Он обмяк, обхватил себя за плечи, словно пытаясь согреться. Посидев так с минуту, он нагнулся, открыл ключом потайной ящик письменного стола, дрожащей рукой пошарил там, вынул какую-то пожелтевшую бумагу, поднес к глазам…

Перед ним запрыгали строчки, корявым детским почерком выведенные на листке школьной тетрадки в клеточку.

«Дорогая редакция. Повиниться хочу… Поговорить надо с кем-то. Потому как думаю – а вдруг это моя вина?.. Из головы не выходит… Если б не запои… Но как было не пить? Я тогда вернулся из Афгана. Мать умерла, жена ушла. Детей не нажил. Один был как перст… Нашел их в лесу. Маленькие они были, голодные. Пищали как кутята. Один из них запутался в силках, что я ставил на зайца, а другой сидел с ним рядом и скулил. Взял я обоих с собой и держал у себя. Клетка у меня во дворе большая – отец в ней когда-то кролей держал. Ничего такого я не думал, не загадывал надолго… Промашка случилась. Запил я ненароком. Вовремя зубастых не накормил, они и удрали. Потом вернулись, правда – зимой им в лесу голодно. Вот, а потом-то я узнал про машину на трассе. Испугался: никак, думаю, это они, мои подопечные нашкодили? Спрашивал у доктора – да он отмахнулся…»

Затрепанный листок был подписан именем Любима Голубева. Главный редактор Тунганов знал письмо наизусть, но ему было приятно держать его в руках, читать и перечитывать.

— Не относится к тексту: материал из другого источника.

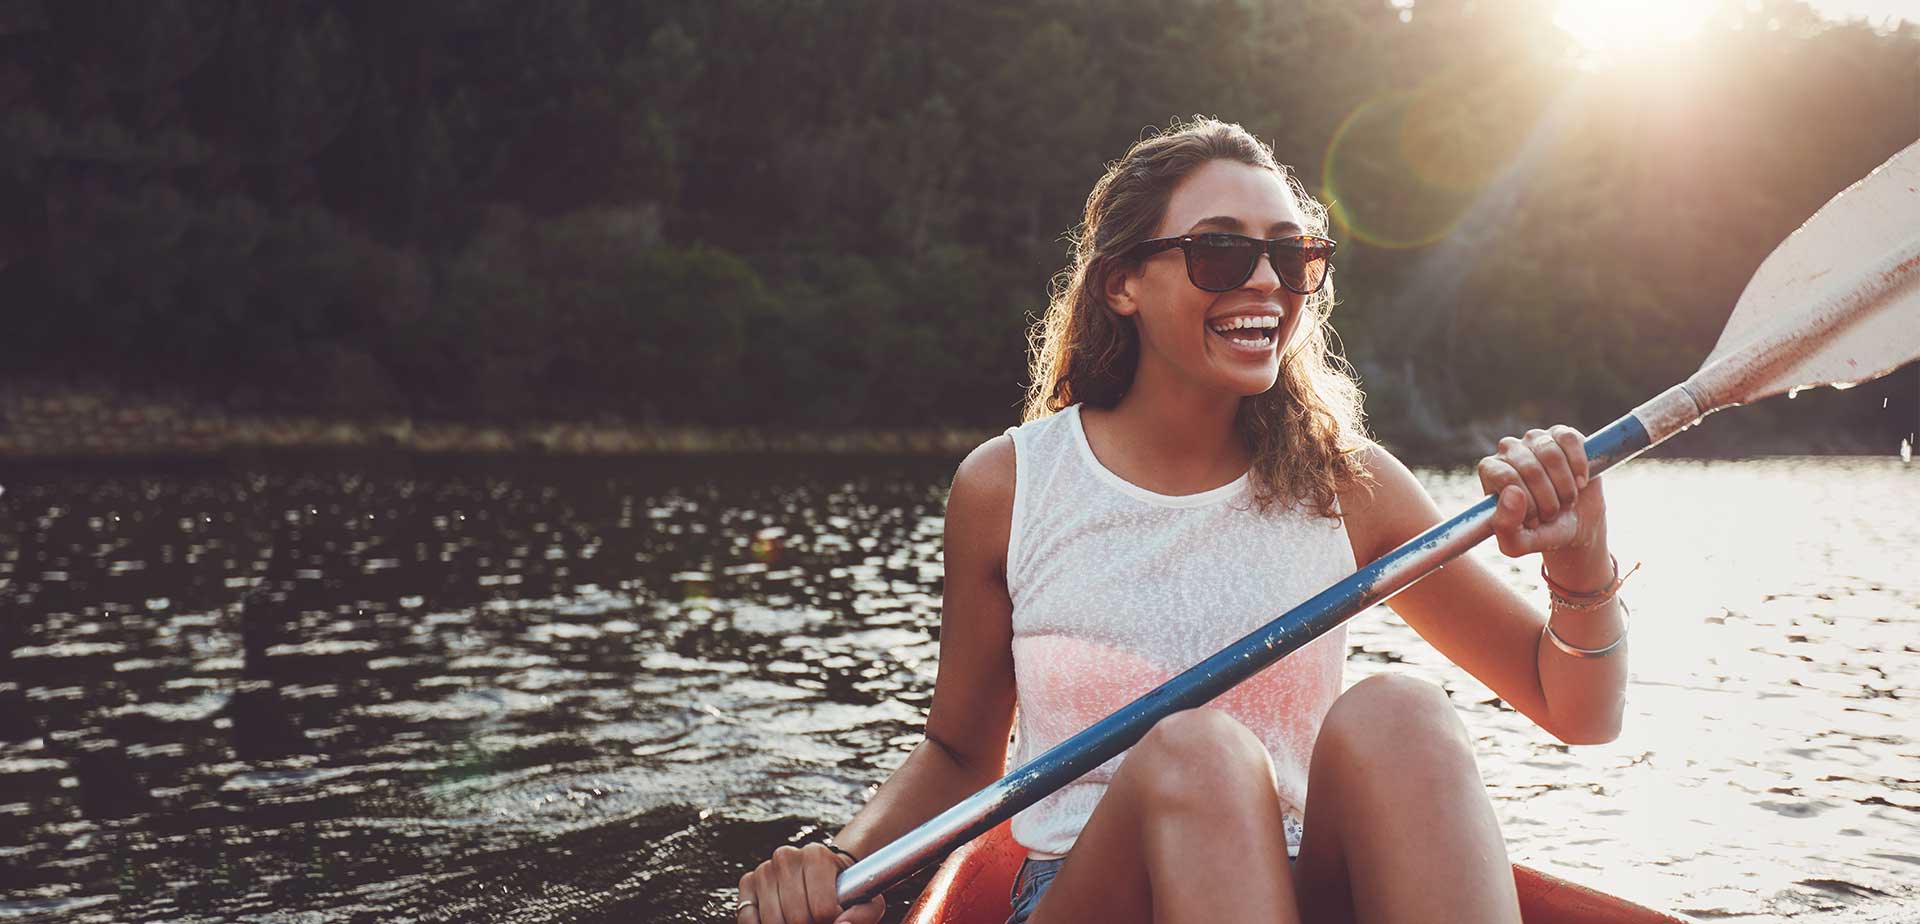 Woman smiling while kayaking
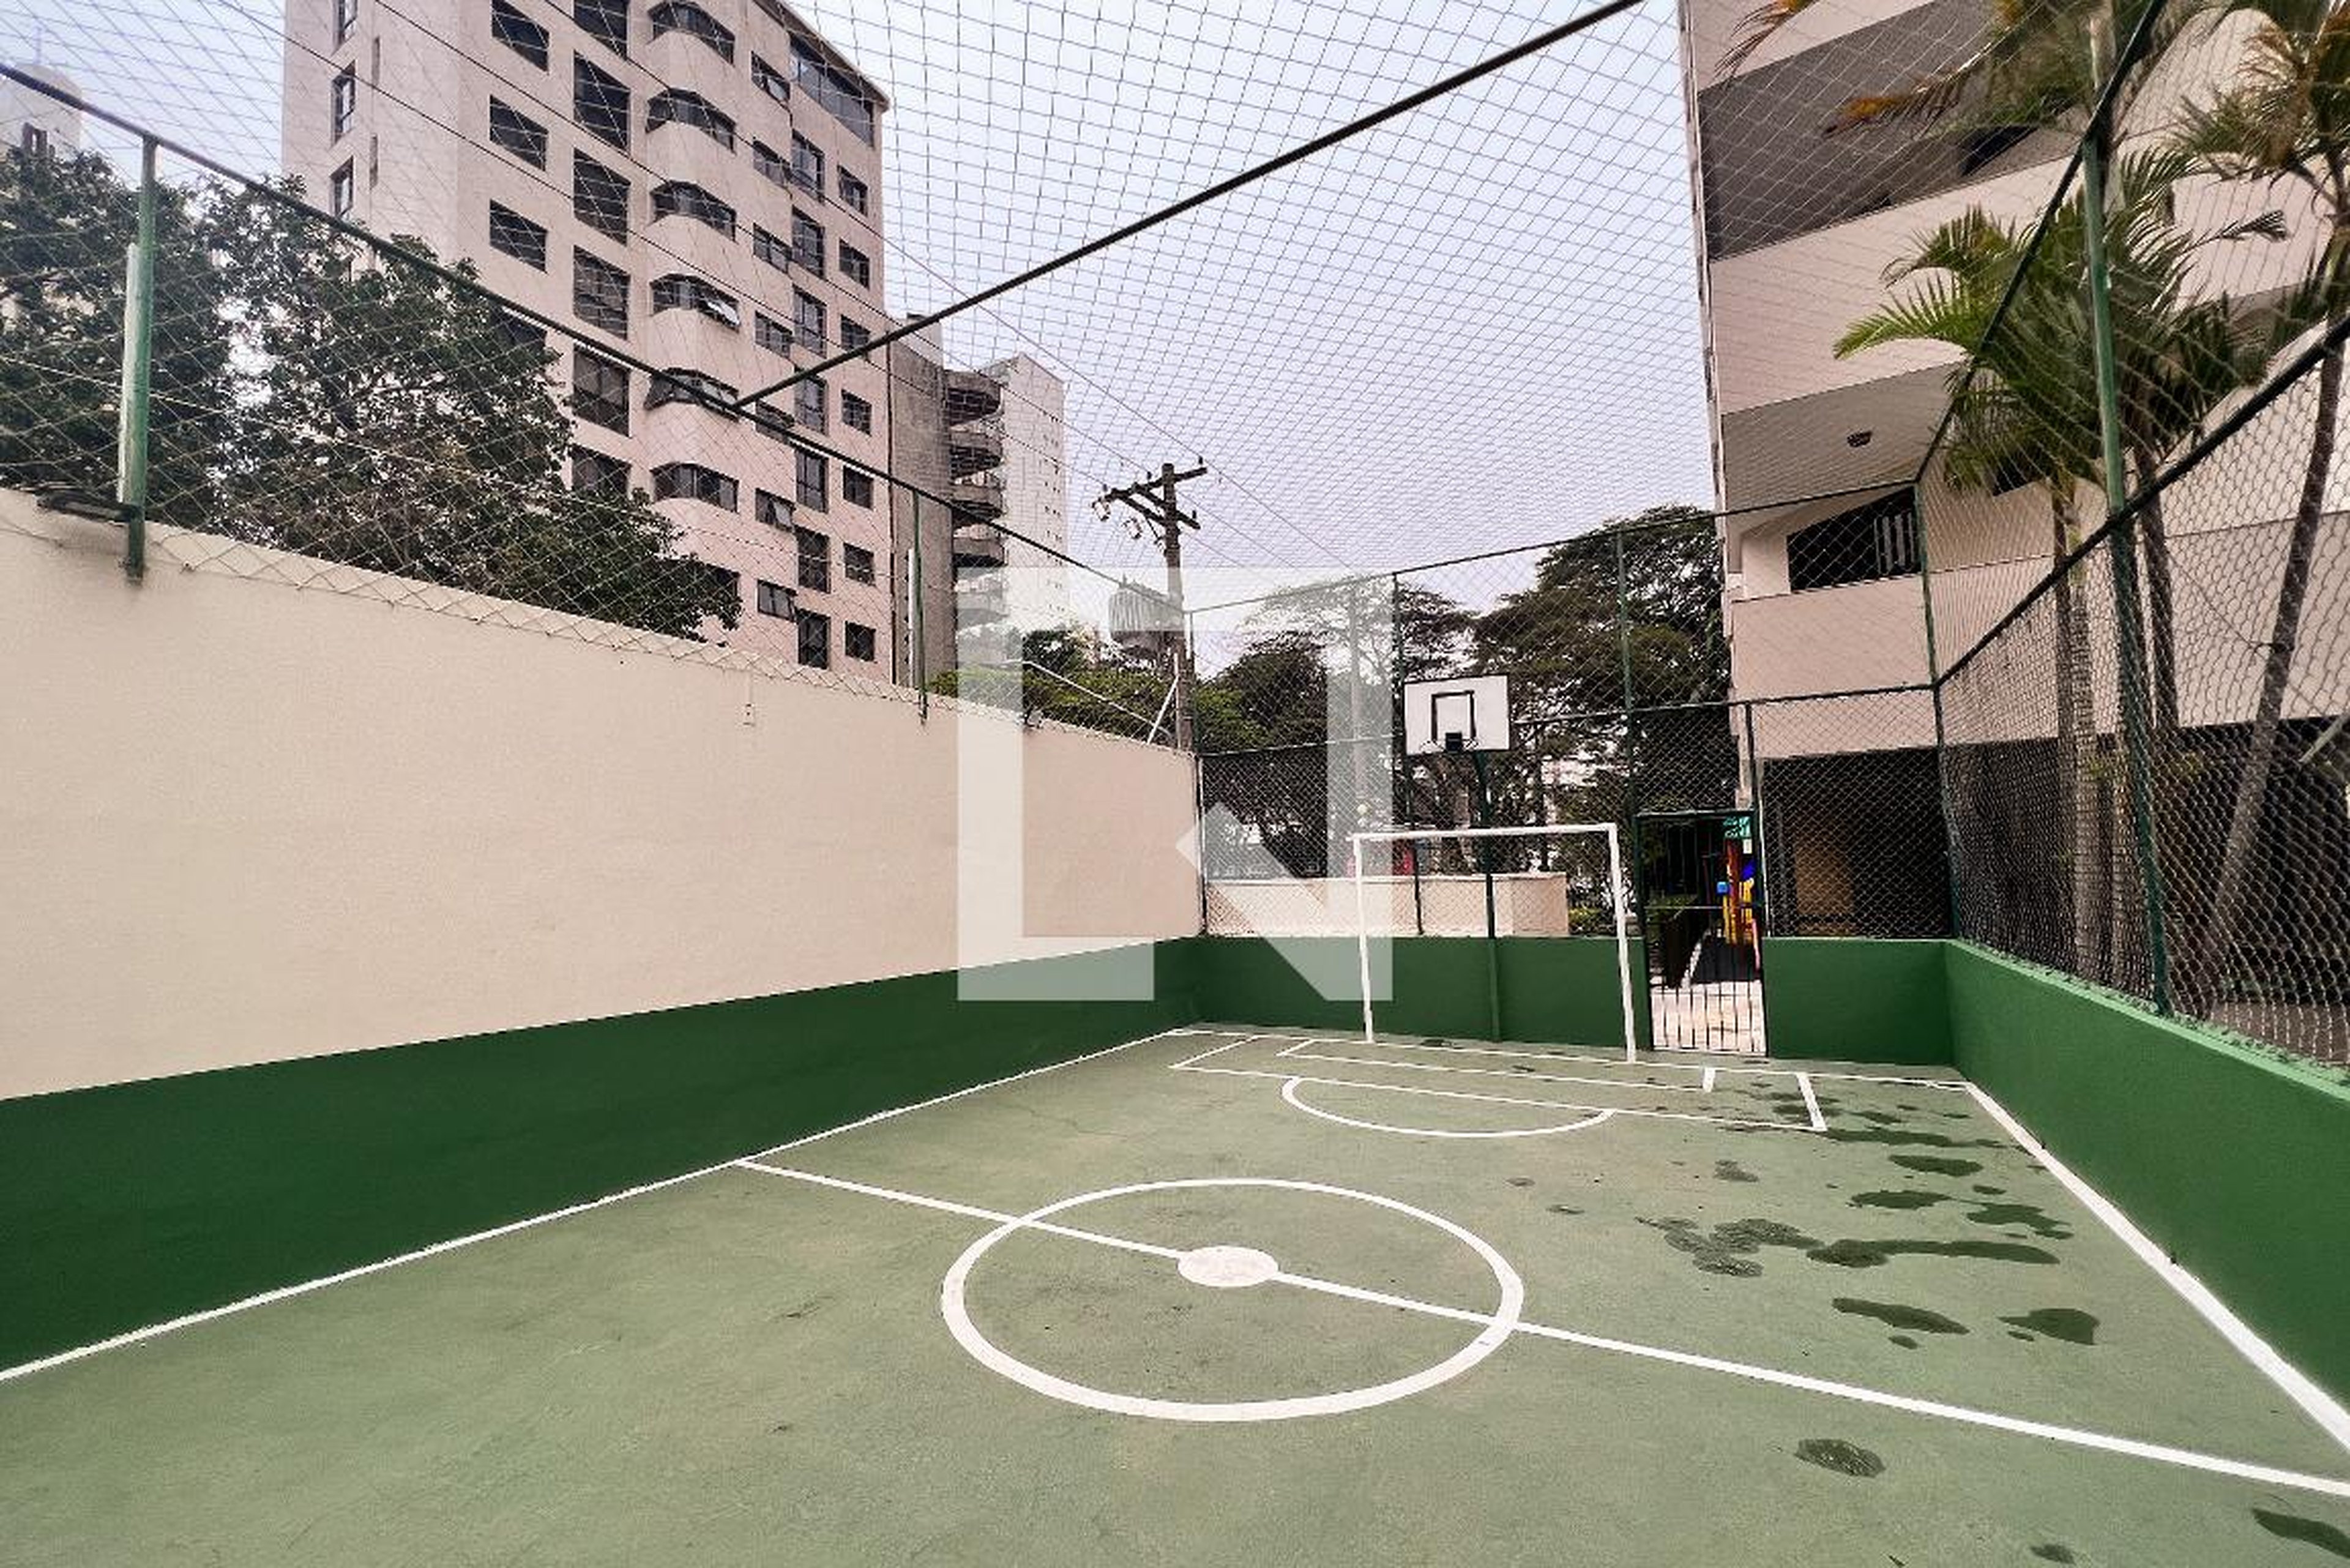 Área Comum - Quadra Esportiva - Ibirapuera Park

– А мы еще подумаем. Еще посмотрим, кто кого…

Лоб господина редактора покрылся испариной, руки вспотели. Внизу хлопнула дверь. В гулкой тишине пустого здания скрипнули деревянные ступени лестницы. Кто-то поднимался по ним на второй этаж – туда, где располагался кабинет главного редактора.

Тунганов поспешил спрятать письмо Любима Голубева. Трясущимися руками он замкнул ящик стола и убрал подальше ключ от него.

Неизвестный гость поднялся по лестнице и встал за дверью кабинета.

Эдуард Николаевич затаил дыхание. Он хотел заговорить, спросить – кто пришел, но слова застряли у него в горле.

На лестнице завозились. Раздалось тихое ворчание и под дверь кабинета снизу протиснулся палец – сухой и узловатый, серый, как ветка дерева… Эдуард Николаевич задрожал… На него навалилась непонятная апатия. Чем сильнее колотилось сердце главного редактора – тем тяжелее становились его руки и ноги, тем сложнее было сопротивляться внезапно напавшему расслабленному умиротворению. Морок туманил разум, сковывал мыщцы.

Растянув губы в сонной, заторможенной улыбке, главный редактор поднялся, шагнул к двери и гостеприимно распахнул ее. И, отступив на середину комнаты, замер. С уголка распущенных в улыбке полных губ потянулась тонкая струйка слюны, сползла на пиджак, намочила рукав. Главного редактора это ничуть не обеспокоило: Эдуард Николаевич стоял посреди комнаты все с той же улыбкой и только слегка покачивался, словно камыш, колышимый ветром.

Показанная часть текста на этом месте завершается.